Chapter 4: Boundaries

Word boundary

face Josiah Wang

Now, you want to search for the word "red" anywhere in a piece of text. You constructed your regular expression "red". But you ended up matching "red" against words like "hundred" and "reddit".

So, how do you limit your regular expression to match "red" only when it is the whole word "red", and not as part of another word like "hundred"?

The solution is to use the word boundary marker (\b).

The regular expression "red\b" (with an end of word marker) will prevent a match to "reddit".

The regular expression "\bred" (with a beginning of word marker) will prevent a match to "hundred".

You can combine both "\bred\b" to restrict it to both cases.

Note: you need to be careful when implementing this in Python. \b is actually the backspace character. So you will have to escape the backslash by using \\b instead, i.e. "\\bred\\b". Alternatively and preferably, use a Python raw string literal: r"\b" is equivalent to "\\b". Note the r before the quote.

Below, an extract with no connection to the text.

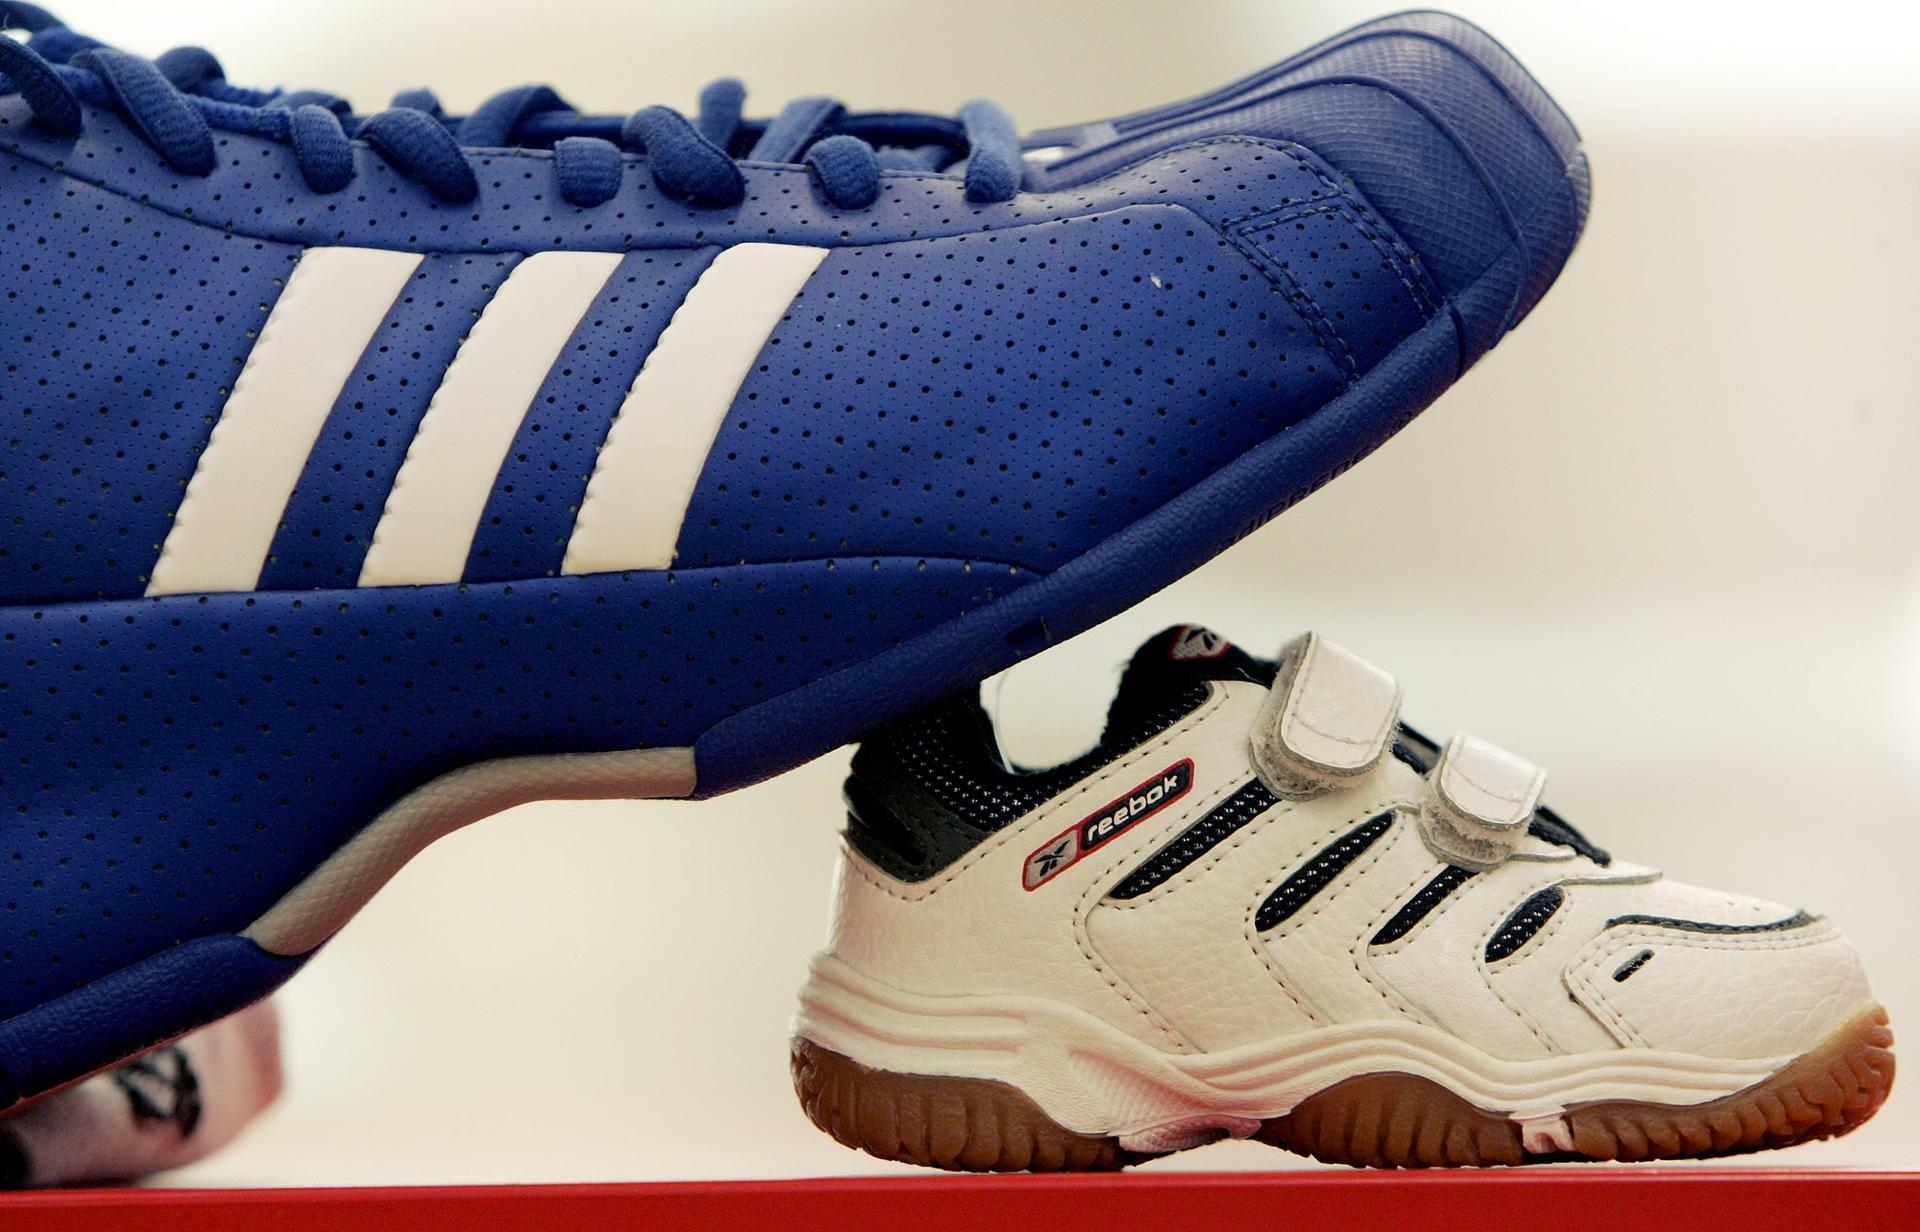 Sportartikel Adidas kauft Reebok

>>> re.search("red", "A hundred reddit posts a day.")  # Matches red in hundred
<re.Match object; span=(6, 9), match='red'>
>>> re.search(r"\bred", "A hundred reddit posts a day.") # Matches red in reddit
<re.Match object; span=(10, 13), match='red'>
>>> re.search(r"red\b", "A hundred reddit posts a day.") # Matches red in hundred
<re.Match object; span=(6, 9), match='red'>
>>> re.search(r"\bred\b", "A hundred reddit posts a day.") # None
>>> re.search(r"\bred\b", "yellow, red, and blue")
<re.Match object; span=(8, 11), match='red'>

Notice that in the final example, the regular expression is smart enough to NOT treat the comma right after red as part of the word.